The California Supreme Court recently ruled that creditors may record a notice of pendency of action (commonly known as a “lis pendens”) against real property that is subject to fraudulent conveyance claims. Kirkeby v. Superior Court, 33 Cal.4th 642 (2004). This decision is important to creditors since with the recording of a lis pendens a purchaser or an encumbrancer who subsequently acquires an interest in the real property will take that interest subject to the outcome of the litigation, regardless of whether that person had actual knowledge of the action. This is because a lis pendens constitutes constructive notice of what may be later established by the judgment.


Kirkeby was a minority shareholder in a company that manufactured tags for pets. Kirkeby alleged that the majority shareholder, Fascenelli, looted the company after Kirkeby resigned from the board of directors.

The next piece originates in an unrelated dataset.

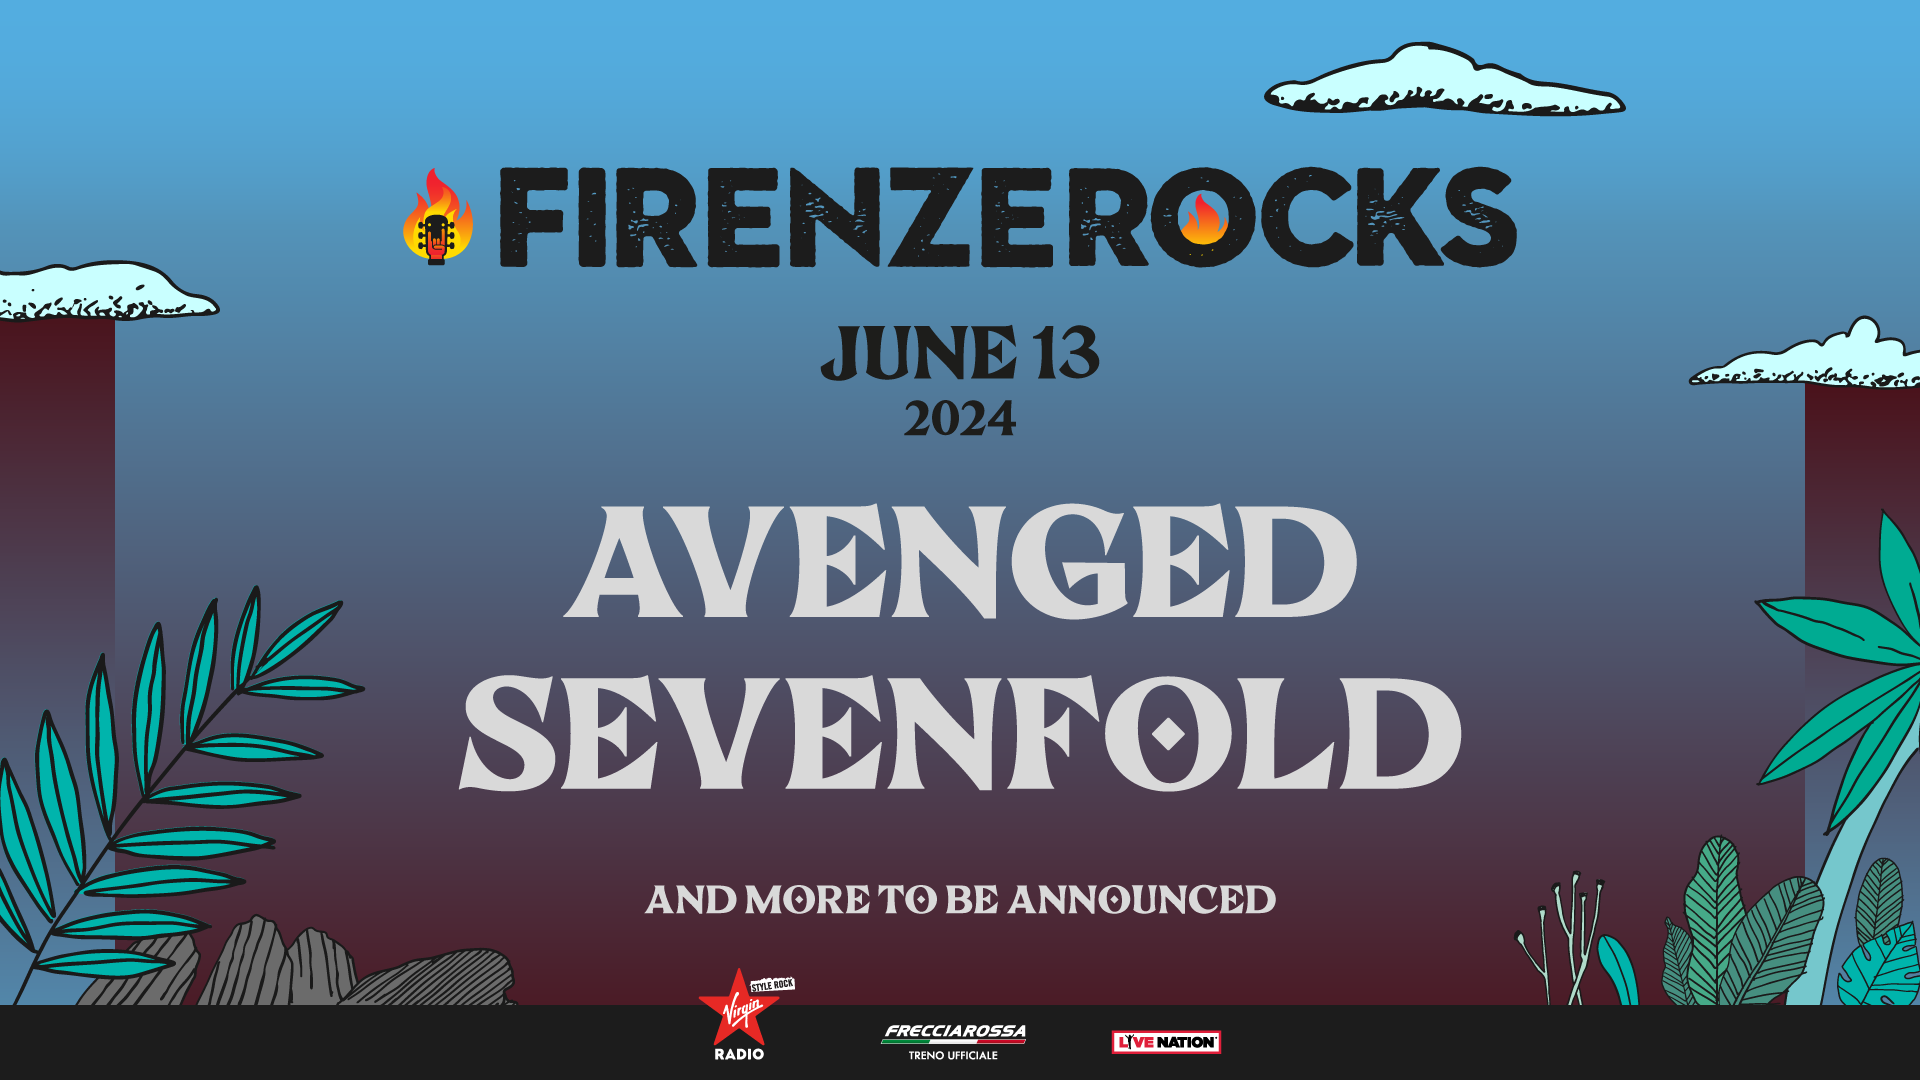 AVENGED SEVENFOLD – giovedì 13 giugno 2024 infiammeranno il pubblico del Firenze Rocks con uno show spettacolare

Fascenelli was claimed to have taken excessive bonuses, paid personal expenses with corporate funds and taken improper loans, all amounting to approximately $4.9 million. One of the loans was used to purchase residential rental property which was then placed in the Fascenelli’s Family Trust. Additionally, Fascenelli took his personal residence and placed it in the same Family Trust, and then subsequently transferred the properties to a partnership in order to avoid execution by creditors.

Kirkeby claimed that both transfers to the trust constituted fraudulent conveyances and thereafter recorded a lis pendens (pursuant to Section 405 et seq. of the California Code of Civil Procedure) against both properties. Upon Fascenelli’s petition, the trial court expunged the lis pendens since the underlying claims were for money damages. A writ of petition to review the expungement order was filed with the Court of Appeals, but was denied on the basis that the claims contained in the complaint would not affect title or the right to possession of real property, which was required by applicable law. The California Supreme Court granted review of the expungement order.

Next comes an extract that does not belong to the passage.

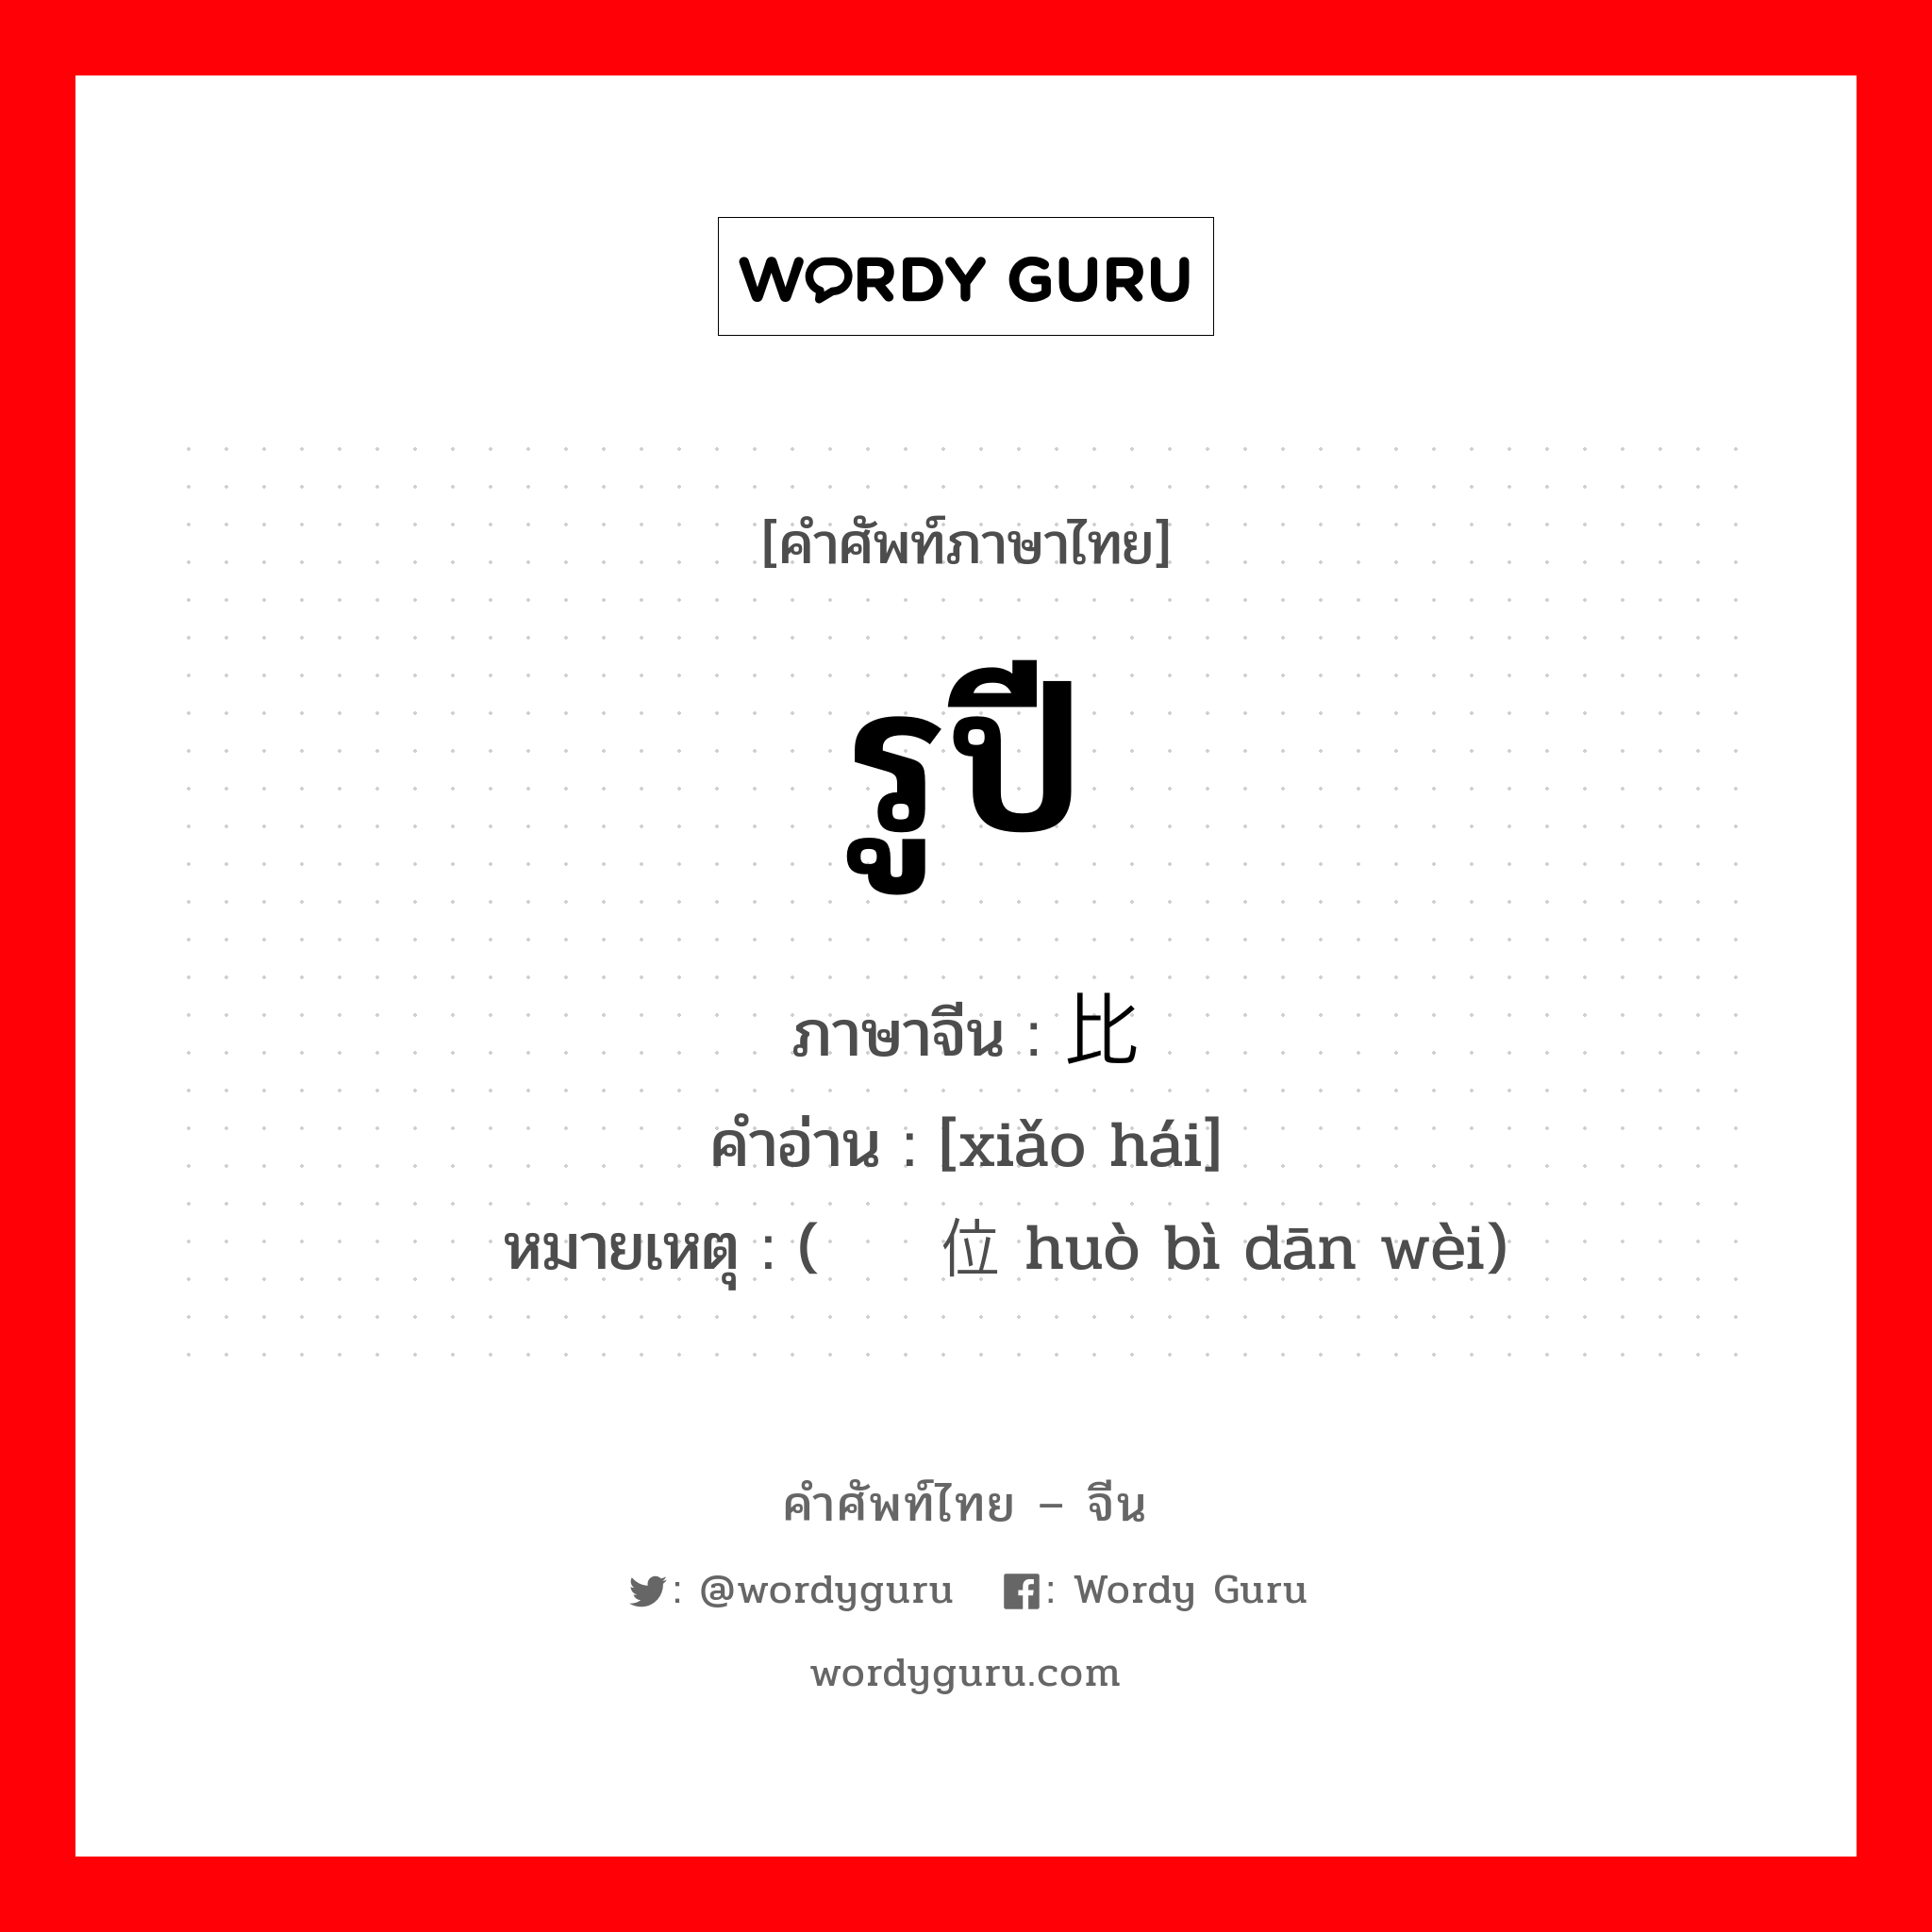 รูปี ภาษาจีนคืออะไร, คำศัพท์ภาษาไทย - จีน รูปี ภาษาจีน 卢比 คำอ่าน [xiǎo hái] หมายเหตุ (货币单位 huò bì dān wèi)

Initially, the Court noted that a “real property claim” was defined as “the cause or causes of action in a pleading which would, if meritorious, affect (a) title or right to possession of, specific real property …” Id. at p. 647. Therefore, a review of the expungement order was limited to whether a real property claim had been properly pled in the complaint. Using plain language analysis, the Court found in favor of Kirkeby and reversed the lower court’s decision.

The Court reasoned that a fraudulent conveyance gives rise to various remedies, including, but not limited to providing for the avoidance of transfer of title to specific pieces of real property. Since such remedies would affect the title or possession of real property it was clear that Kirkeby’s complaint asserted a “real property claim” and therefore formed the basis for a lis pendens. The Court acknowledged that its decision could be abused by creditors recognizing that the lis pendens statute was designed only to give notice to third parties and not necessarily to aid plaintiffs in pursuing claims. The Court noted that “the practical effect of a recorded lis pendens would be to render a defendant’s property unmarketable and unsuitable as security for a loan.” Id. at p. 651. However, the plain language of the statute required such a result and if it became problematic, then it was up to the legislature to change the law.


It appears that under Kirkeby, a creditor will now be free to proceed to record a lis pendens against specific real property when it is able to assert a claim for fraudulent conveyance in its complaint. This will allow creditors to move extremely quickly without the need for a court to issue a prejudgment order or injunction to prevent debtors from attempting to further transfer or collateralize real property that had been transferred in an attempt to hinder, delay or defraud creditors. However, a creditor should be aware that a property owner may be entitled to attorneys’ fees and costs if successful in expunging a lis pendens, so it would be prudent to confirm the evidence of fraud before recording the notice of lis pendens. In any case, this is certainly good news for creditors who will benefit greatly from this added enforcement tool for use against unscrupulous and questionable transfers.